Lastly, in the case of several choices when picking the most fitting ATR software, the presence of graphical user interface could be worth considering. Even though it would usually have no impact on text recognition, an interface could be advantageous as per your own affinity with technical tools.
Post-ATR correction
The post-ATR correction is the step that proceeds the prediction made by the model, which has been applied to a corpus of images. The goal of this step is to fix the mistakes of the prediction in order for it to match perfectly with the images transcribed, making it a ground truth. Software programs, model training, and the quantity of resources in ATR have greatly improved in the last few years, enabling the production of more accurate and efficient recognition models. However, the probability of an automatic prediction producing a flawless result is rarely 100% and in almost every case it will be necessary to correct the prediction after applying the model.
Errors in prediction can be the result of many factors related to the scanned image, the model, or segmentation, such as noisy backgrounds, bad paper quality, illegibility of a text, an unfit model, or wrong masks and polygons in the segmentation. Faced with such situations, if you require a ground truth, it will be necessary to do a post-ATR correction in order to obtain an output matching perfectly with its associated image.

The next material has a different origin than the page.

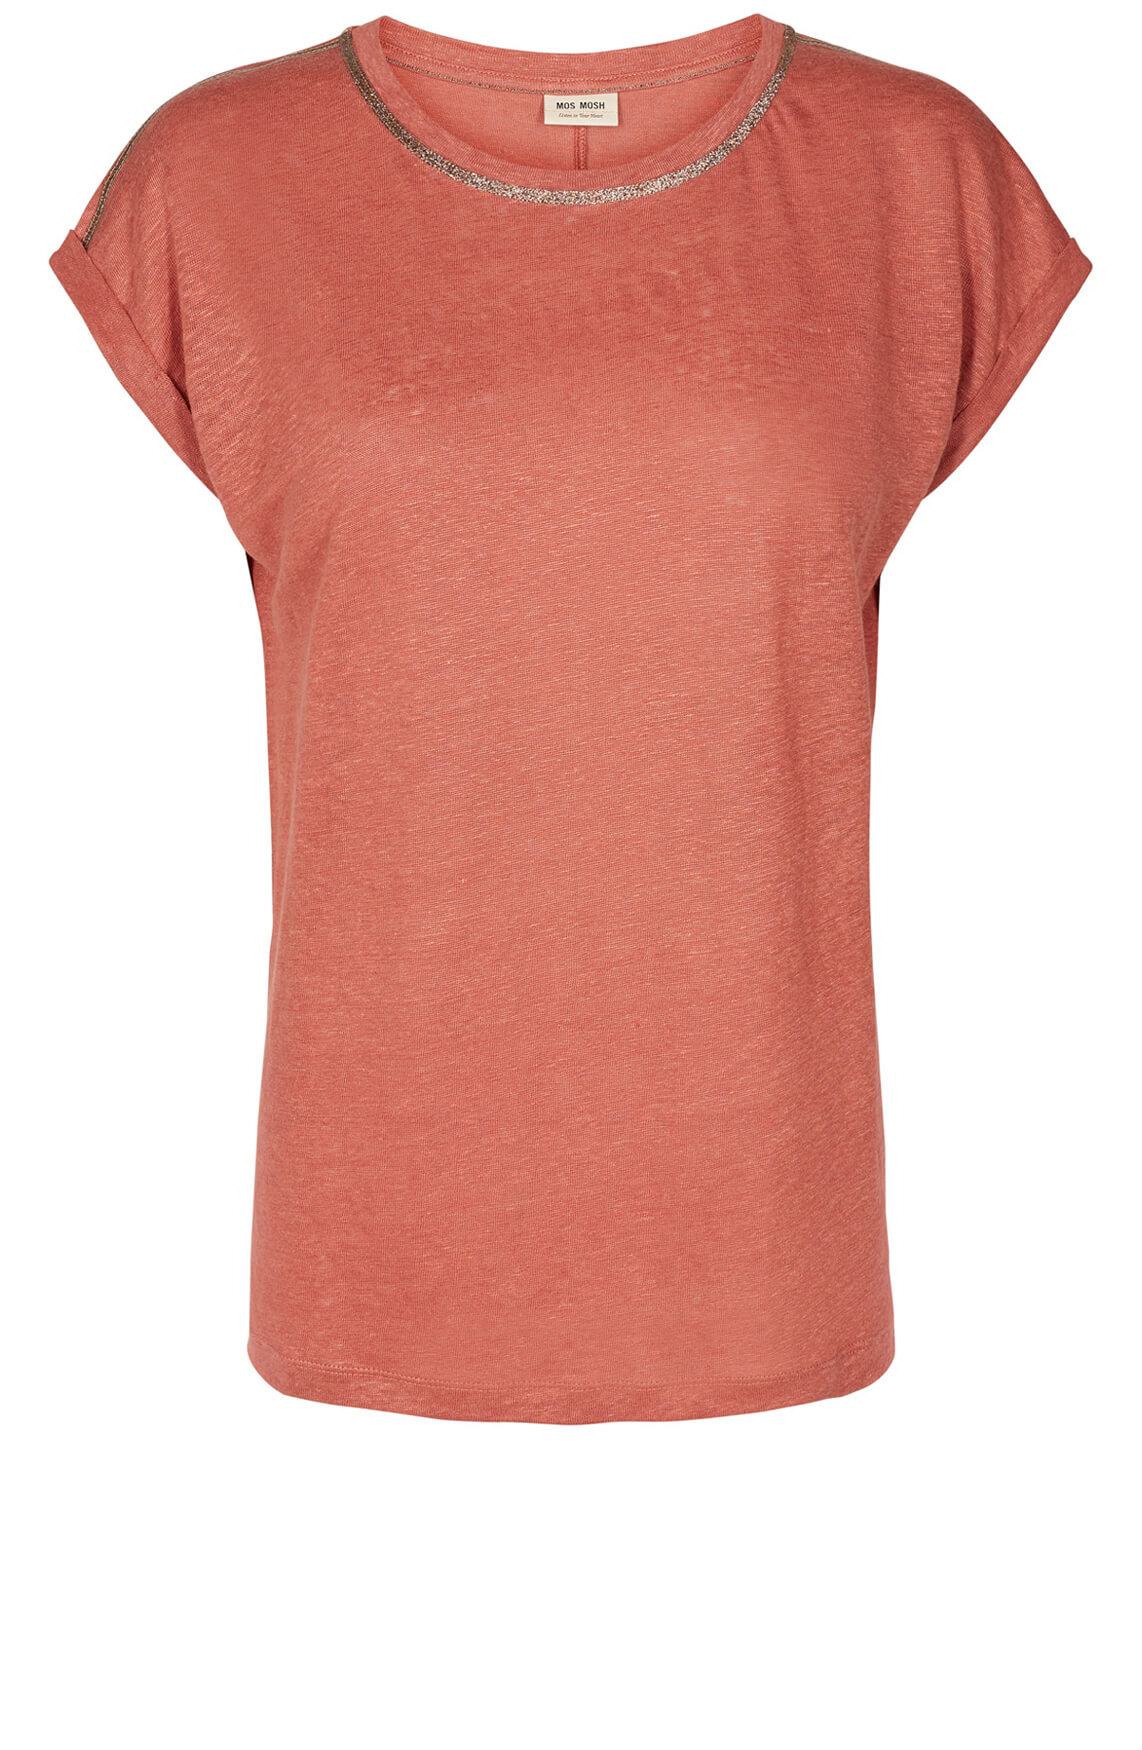 Mos Mosh Dames Ina linnen shirt Rood

There are two possible ways to do post-ATR correction: semi-automatic correction and full manual correction. In both cases, if a perfect transcription is desired, manual correction must be performed. Choosing to do one or the other will really depend on the amount of errors in the prediction, as semi-automatic correction can be time-saving when errors happen over every few lines but will turn into a waste of time if there are only occasional errors. Moreover, techniques and tools for semi-automatic correction vary, and its utility depends on the user’s affinity with digital tools. Therefore, we advise using semi-automatic correction only if you estimate that there will be a true, significant opportunity to save time. If not, then we advise doing a full manual correction, i.e. checking the transcription for errors and doing the modification by hand.
Tools for semi-automatic correction
Python scripts and regex
- Script: https://github.com/DiScholEd/pipeline-digital-scholarly-editions/tree/master/post_ocr_correction/scripts
- Documentation: https://github.com/DiScholEd/pipeline-digital-scholarly-editions/blob/master/post_ocr_correction/post-ocr_correction_for_text_files.md
Python scripts, regex, and context
- Scripts: https://github.com/sbiay/CdS-edition/blob/main/htr/py/spellcheckTexts.py and https://github.com/sbiay/CdS-edition/blob/main/htr/py/textCorrection.py
- Documentation: https://github.com/sbiay/CdS-edition/blob/main/htr/Corriger_une_prediction.ipynb
Neural approach to correction
- Project: https://github.com/GarfieldLyu/OCR_POST_DE
- Article: Neural OCR Post-Hoc Correction of Historical Corpora
Conclusion
Post-ATR correction is a key element of the Automatic Text Recognition pipeline. Decisions on whether to automatise it or part of it are integral to the exploration and research process. Semi-automatic methods are usually a balanced choice, for which a series of open source tools are available.